In the online class Practical Deep Learning for Coders 2019, we learned how to create a world-class image classifer model for the Oxford-IIIT Pet Dataset, which contains 37 different categories of pets.
I wondered if I could use the same techniques to create a model that could examine a video game screenshot and determine which of ~485 Super Nintendo games it belonged to. Would 485 categories be too much? Would transfer learning from ImageNet work on game screenshots which don't even exist in the real world?
It ended up working surprisingly well, with an accuracy of 95.8%. This repository contains:
- All of the scripts I used to collect the training data from youtube
- The notebooks I used to create the model
- My trained model
- A web front-end
- Dockerfiles for running the web front-end and inference using CPU
- A systemd service definition for running the web from
- Ansible role to clone this repository and set up the systemd service.
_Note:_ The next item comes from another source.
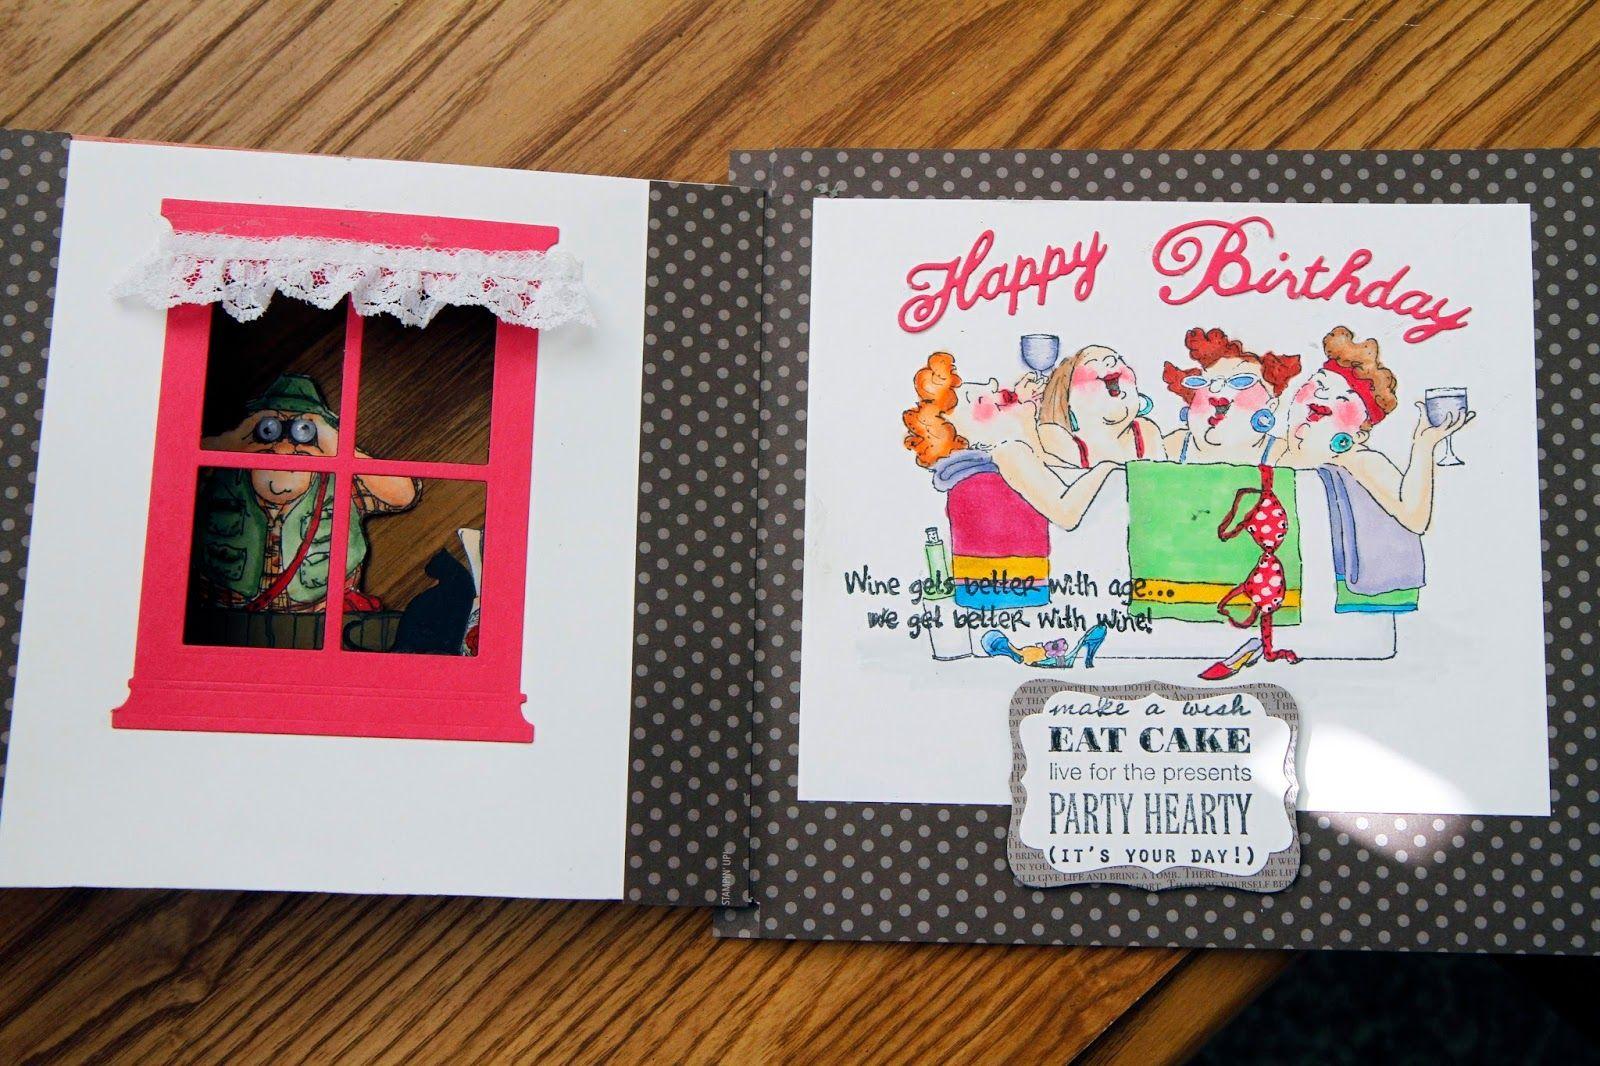 Art Impressions Ai Hollis - Front & Back (Sku#YY1901) Fence (Sku#P1499) In the Tub set of 4 (Sku#3570) Fanny Front & Back (Sku#T1716) Handmade birthday window girlfriends card. Inside of card.
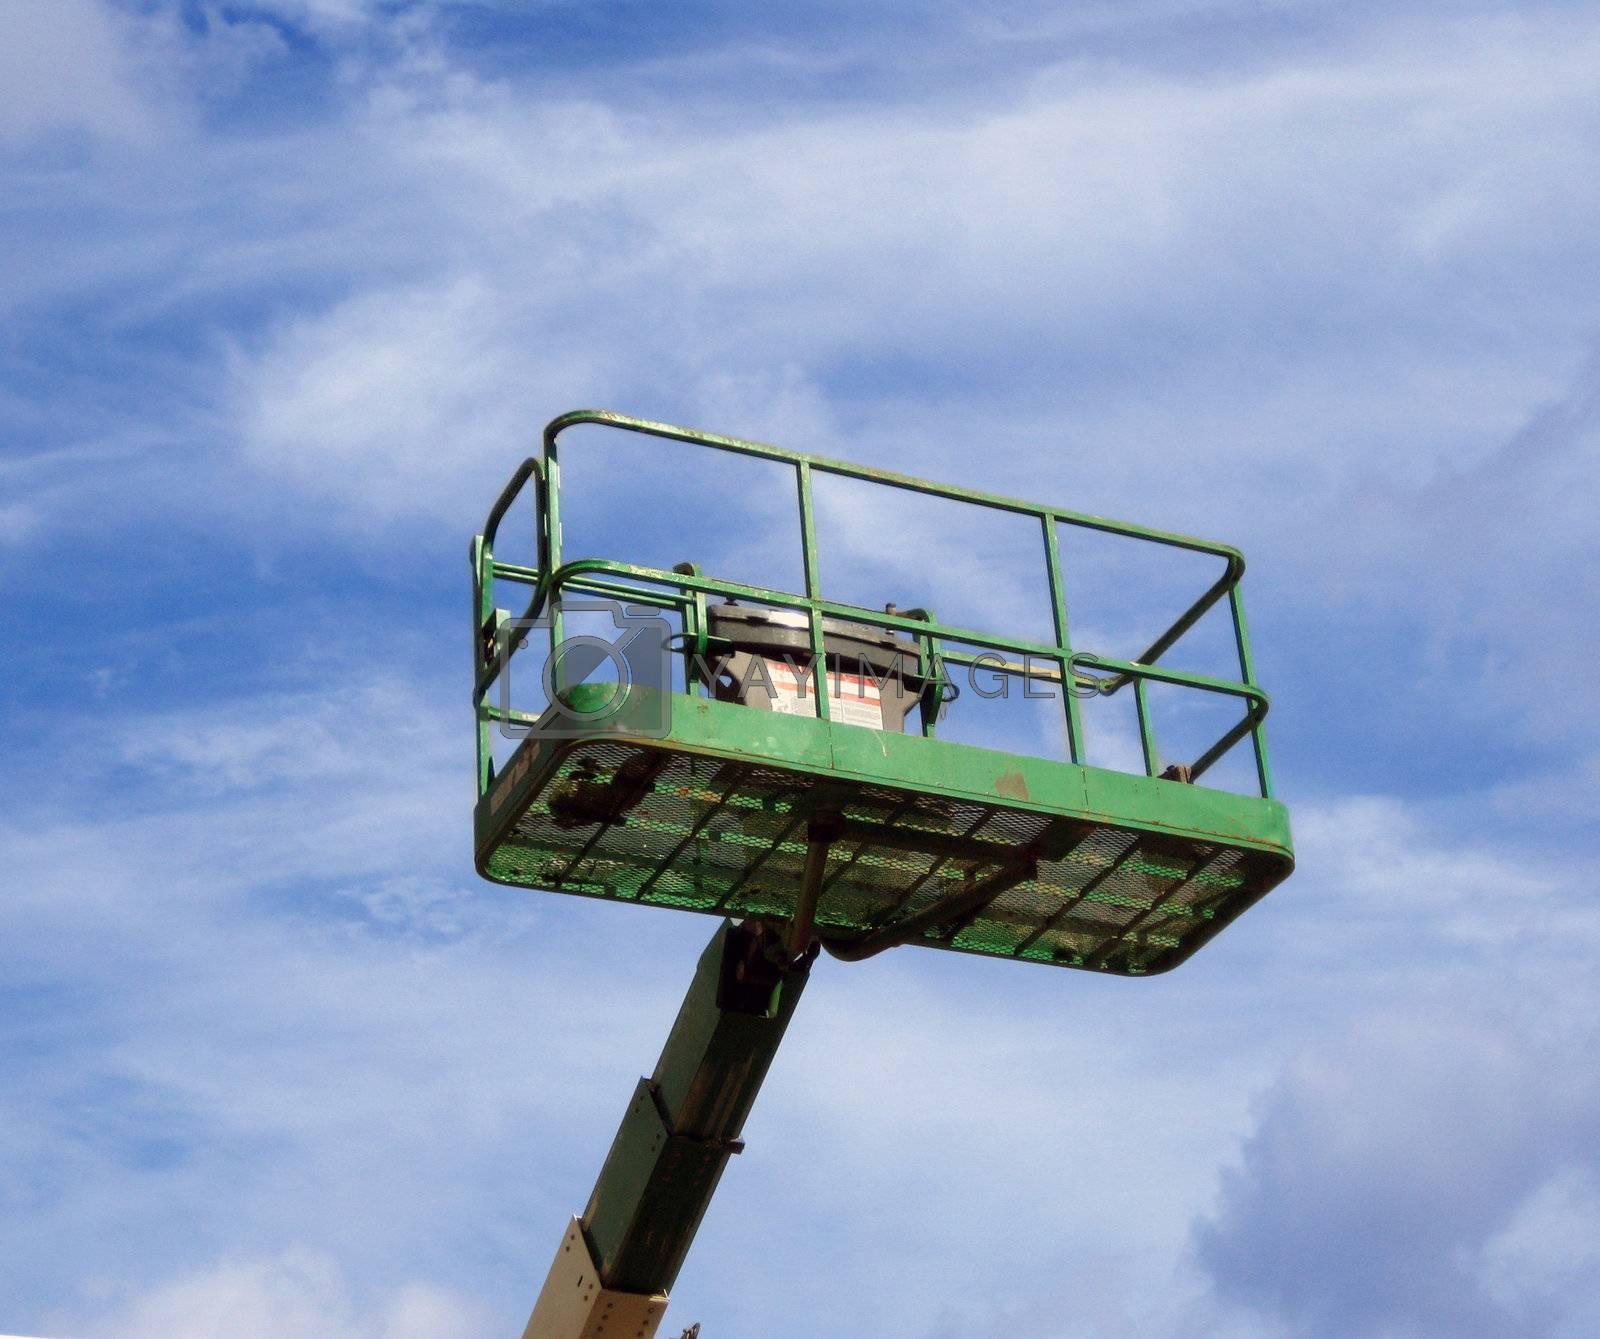 Green Mechanical Lift by jclardy

Visit https://snes.matthewreishus.com
cd 04-web
docker-compose up
Then use a web browser to visit localhost:8080
. Warning, this will create 6-8 gigs of docker images, since it will create a pytorch installation used for inference.
In the 05-ansible
directory, there is an ansible role that automatically installs a service that keeps the webapp running. If you don't want to use ansible, there is a systemd service definition in 05-ansible/roles/snes-classifier/files/docker-snes-classifier.service
.
Follow the directions in the 01-find-longplay-urls
and 02-create-screenshots
directories to build a library of about ~150 screenshots per SNES game. This is done by downloading "longplay videos" from youtube and extracting screenshots from the videos.
Follow along with the jupyter notebook in 03-model-resnet50
to create and export the model. There is no automated way to create the model, it is only done through the jupyter notebook.